Roma – “Internet è uno dei veicoli più validi per la difesa della libertà, poiché offre la verità a chi vuole vederla e intenderla. Non è quindi sorprendente che alcuni governi e organismi dimostrino di temere Internet e la sua capacità di diffondere la verità”.
Con queste parole di uno dei padri della rete, Vinton G. Cerf, la celebre organizzazione Reporters sans frontières ha annunciato la disponibilità del rapporto 2003: “Internet sotto stretta sorveglianza – Gli ostacoli alla circolazione della libera informazione sulla Rete”.
Se il numero di internauti cinesi raddoppia praticamente ogni sei mesi, e quello dei siti si duplica ogni anno, questa crescita folgorante della Rete si accompagna ad un altrettanto notevole sforzo di controllo, di censura e di repressione proporzionale alla dinamica espansiva che ha caratterizzato lo sviluppo del Net. Leggi liberticide, cyberdissidenti prigionieri , siti bloccati, sorveglianza dei forum di discussione, cybercaffè chiusi, in Cina in particolare. Insomma: per tentare di mettere la museruola alla Rete, i governi non esitano a mettere in campo un imponente apparato repressivo.
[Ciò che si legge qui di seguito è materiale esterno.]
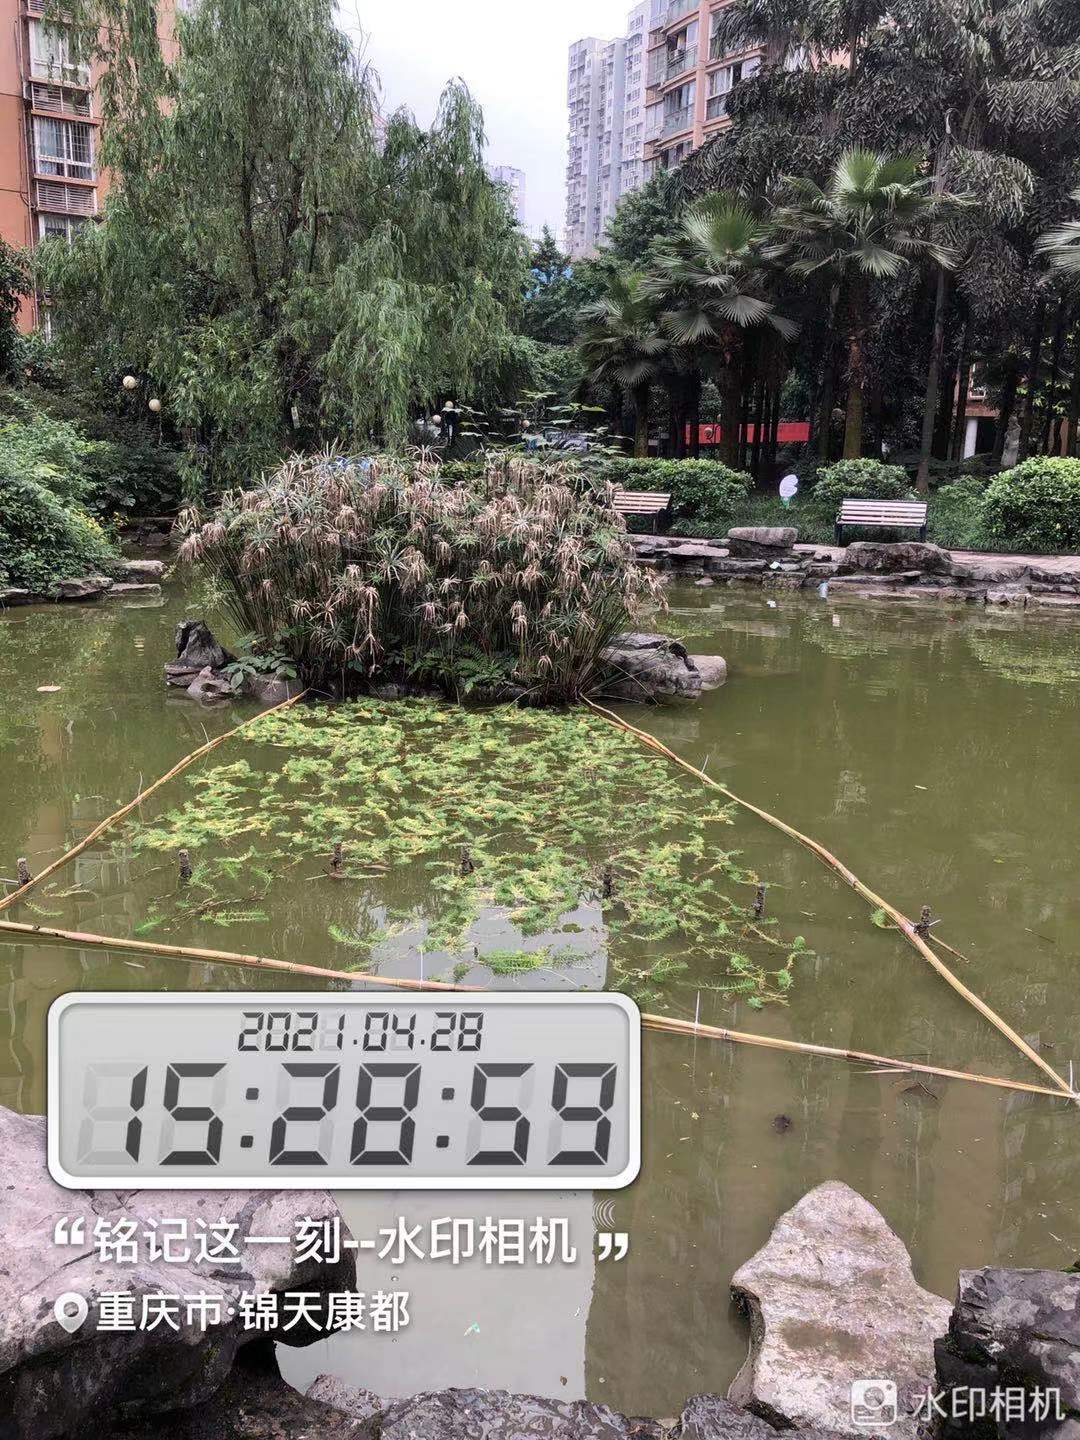 重庆市锦天物业管理有限公司 环境照片活动图片

Arresti di cyberdissidenti, blocco dell’accesso ai siti giudicati “politicamente o culturalmente scorretti”, controllo della posta elettronica… per quanto assai poco sviluppata in paesi come il Vietnam , dove Internet è da sempre nel mirino del Partito comunista. Il governo di Hanoi sembra intenzionato infatti a voler riprodurre alla lettera in modello cinese di controllo della Rete.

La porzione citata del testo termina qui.